Figura 2 – Mapa de Macrozoneamento – Plano Diretor de Aparecida, 2006 Fonte: Secretaria de Planejamento, Aparecida – SP, 2014
A consulta a referenciais bibliográficos norteou uma assertiva que a construção do espaço, o direcionamento da expansão urbana e o ordenamento territorial estiveram durante muito tempo atrelado à influência estatal e da dinâmica econômica no Vale do Paraíba, acarretando em uma intensa antropização, com ocupações irregulares em grande parte do território das cidades de Aparecida e Guaratinguetá.
A presente pesquisa encontra-se em fase inicial, a de coleta de fontes e informações sobre a temática e compreende o embrião para construção da dissertação de mestrado.
REFERÊNCIAS
APARECIDA (cidade). Plano diretor do município de Aparecida, 2006. Secretaria de Planejamento, Aparecida – SP.
BARBOSA, B. L. Nossas Origens: Três séculos de História de Aparecida-SP. Edição do autor, Aparecida - SP, 2007. 96p.
Vale do Paraíba: diagnósticos e resultados. Pindamonhangaba, 1972.
CORDEIRO, M. P. Planejamento territorial regional e proteção ambiental: o caso do Vale do Paraíba paulista. São Paulo. Tese (Doutorado em Arquitetura e Urbanismo) - Faculdade de Arquitetura e Urbanismo-USP, São Paulo, 1999.
COLTRINARI, L. O sítio da conurbação Guaratinguetá- Aparecida (2). Jornal O Lince, Aparecida, , v. 2, p. 8 - 9, 20 abr. 2008.
CORRÊA, R. L. Sobre Agentes Sociais, Escala e Produção do Espaço: Um texto para Discussão. In: A Produção do Espaço Urbano: Agentes, Processos, Escalas e Desafios. Carlos, Ana Fani Alessandri. Souza, Marcelo Lopes de. Sposito, Maria Encarnação Beltrão (organizadores). São Paulo: Contexto, 2011. p. 41-51.

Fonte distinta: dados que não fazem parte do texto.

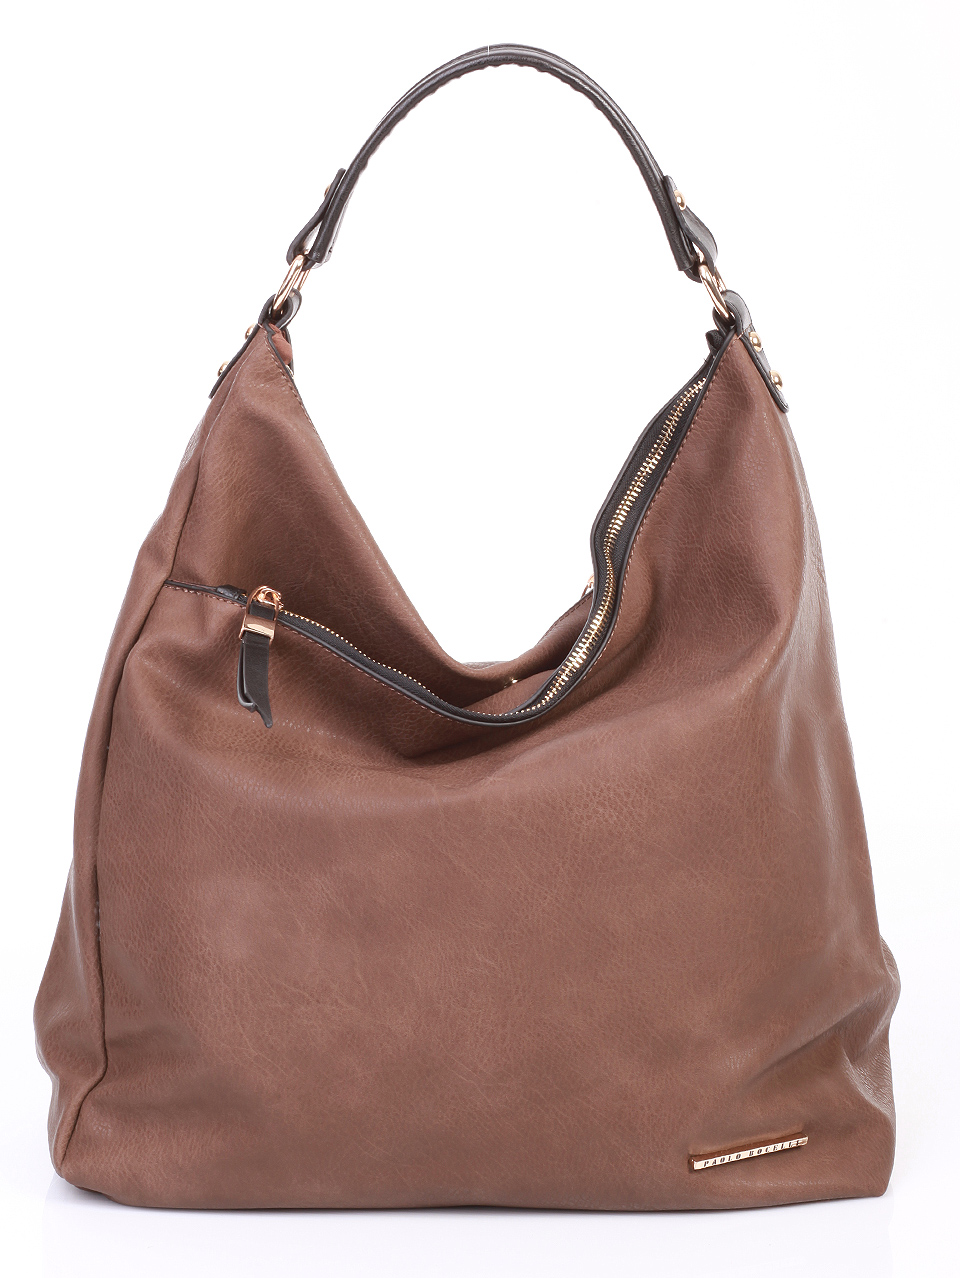 Brown Leather Handbag, Brown Tote, Leather Tote, Brown Purse, Winter Handbag, Woman Gift
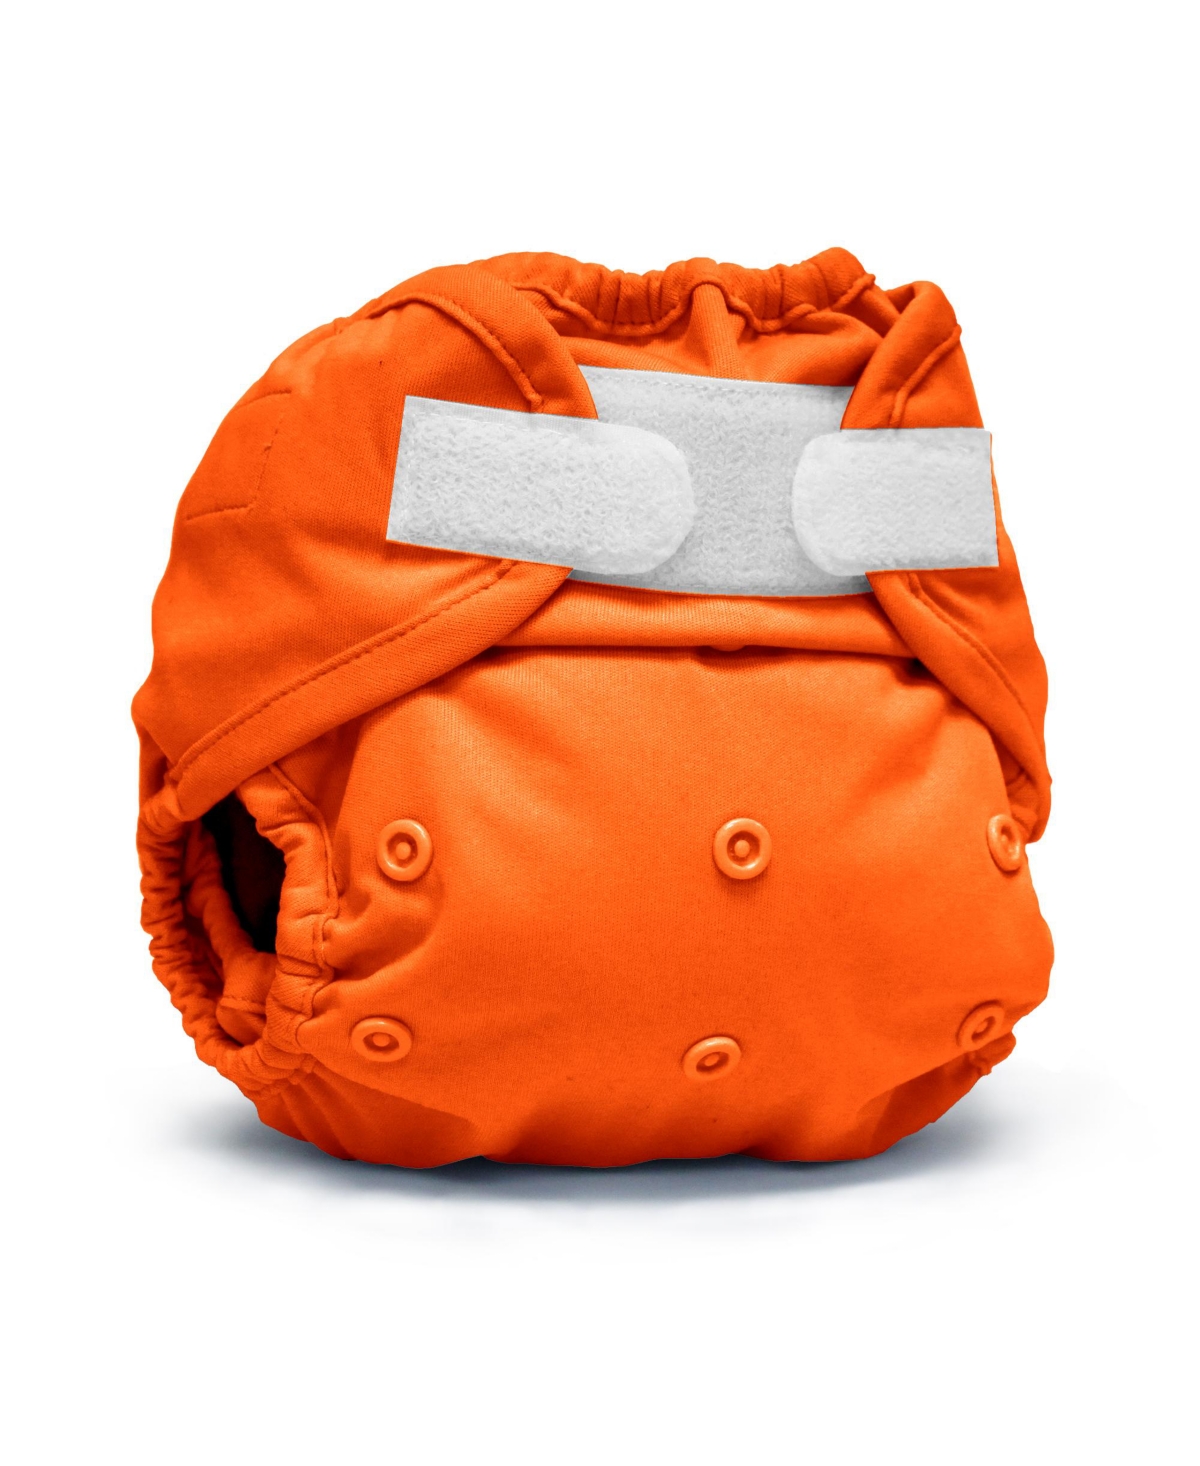 Kanga Care Babies' Rumparooz Reusable One Size Cloth Diaper Cover Aplix In Orange

MOURA, C. E. M. de. O Visconde de Guaratinguetá: um fazendeiro de café no Vale do Paraíba. São Paulo, STUDIO NOBEL, 2002.
MÜLLER, N. L. O Fato Urbano na Bacia do Rio Paraíba do Sul – São Paulo. Rio de Janeiro, IBGE, 1969. 375p.
PASIN, J. L. Algumas notas para a História do Vale do Paraíba. Desbravamento e povoamento. Secretaria da Cultura do Estado de São Paulo, 1977.
SANTOS, M. Espaço e método. 3ª ed. São Paulo: Nobel, 1992. SPOSITO, M. E. B. Capitalismo e Urbanização. 14ª. ed. São Paulo: Contexto, 1988. 80p.